Fortunately, there was a motel/campground at the top of the mountain. They were closed, but e guy who ran it, saw us and opened up his little store so we could buy lunchmeat and bread so we could have dinner. It was about 40 degrees out at that elevation, and there was only one motel room left. We drove all day with two other guys we have met along the way. None of us wanted to camp in the cold. Laura and I said we would pay for the room as long as we got the bed. They were free to sleep on the floor, but they had to buy the food for dinner. It was a deal.

By the time we unloaded bikes (couldn't leave any food/gum/Gatorade packets in the bikes or we were told bears might tear up the bikes trying to get at it), ate our pitiful dinner, and took a shower, it was 10:30.

The road didn't open until 8:00 a.m. This is the most sleep we have had in a week, just because we could not possibly progress sooner. So to make up for the late start by riding until 2:30 a.m. At one point, we were in the middle of nowhere, freezing, tired, and we had pulled over at a rest stop. Laura was mad because I would not let her sleep on a concrete picnic table at the rest stop and forced our merry band of four to keep going the 50 miles more we needed to hit civilization.

Again, it was cold by then, we had been driving slowly to avoid hitting deer on Wyoming back roads, and we again decided a hotel was the only way to go. By the time we found one with vacancies, unloaded, and hit the bed, it was 3:00 a.m. We got up at 9 this morning. We will be riding no later than midnight from here on out. I have decreed it. Our tolerance for frustration decreases exponentially after midnight, along with our ability to be kind.

The point is, there isn't much opportunity to type. We are now trying to figure out how to change this trip so we can still complete the trip but in a way that allows us to still have some measure of fun without killing ourselves. Having so many friends and family tracking us on the website has truly, truly kept us going.
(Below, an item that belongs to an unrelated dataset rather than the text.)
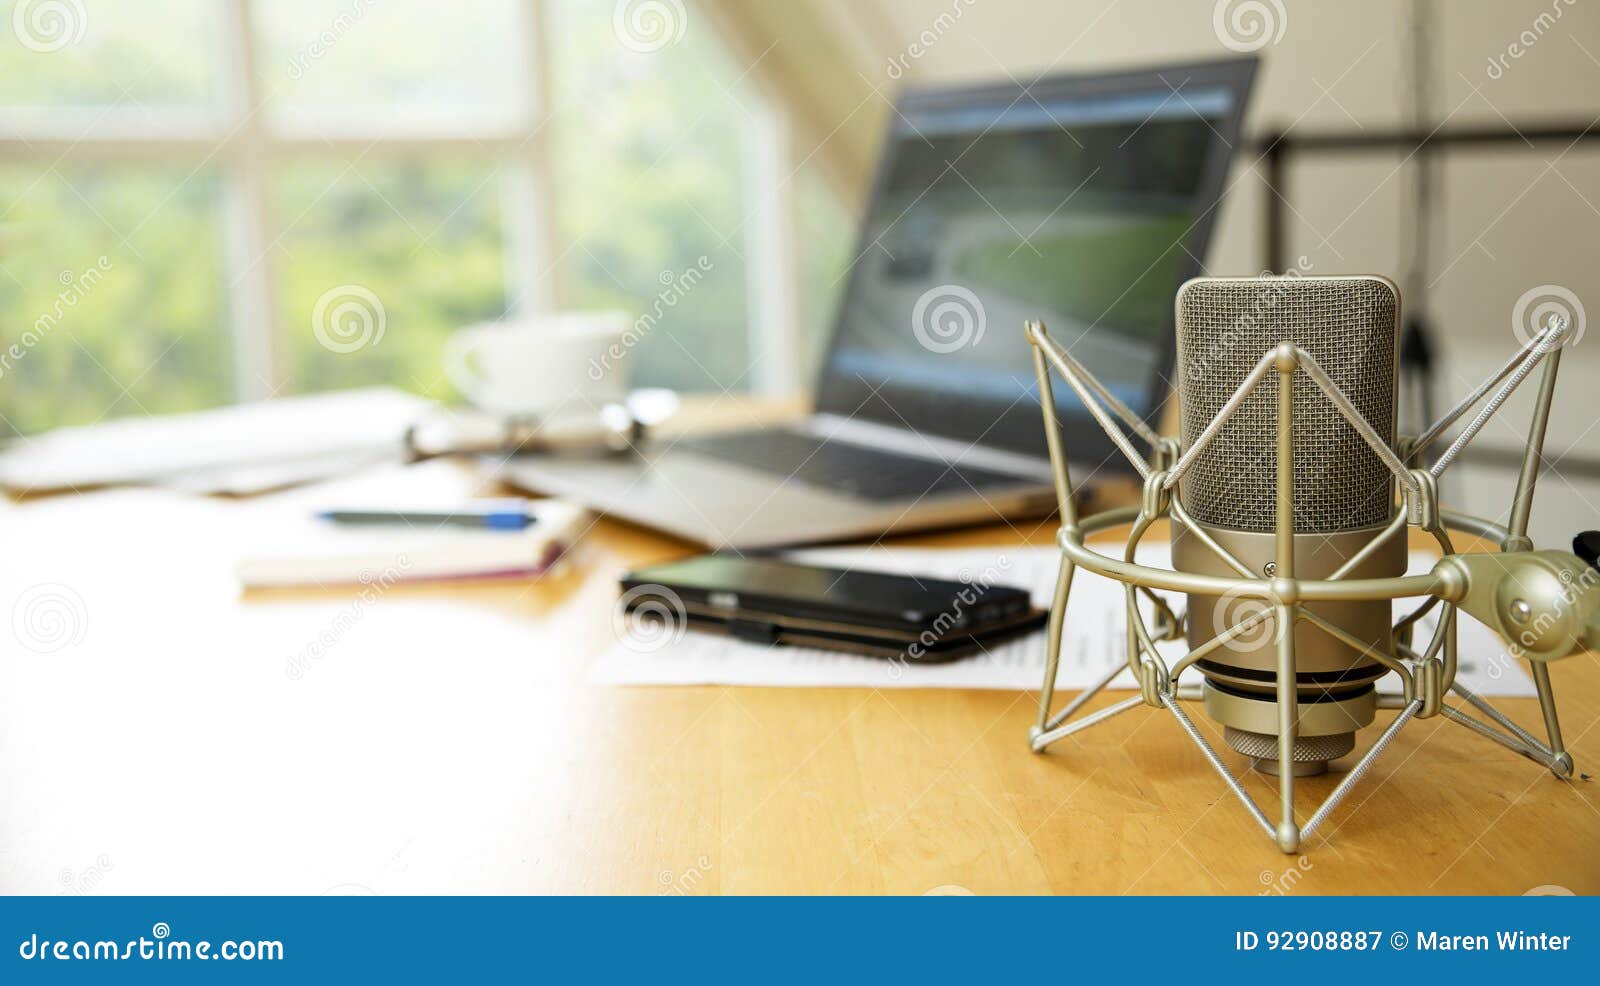 workspace for journalism with condenser microphone, laptop, cell

We are so very appreciative, and I think we will be able to work through this current low point.

The point is, it is a seriously long day, every day, with wild swings of temperatures of about 50 to 60 degrees from the time we start to the middle of the day, back down to 40 or 50 degrees again at night. We are exhausted by the time we finish. The scenery is stunning, but my hands have been numb for 2 days. I am carrying a little voice recorder now so I can record what I want to write, since I have plenty of time to think about it all day.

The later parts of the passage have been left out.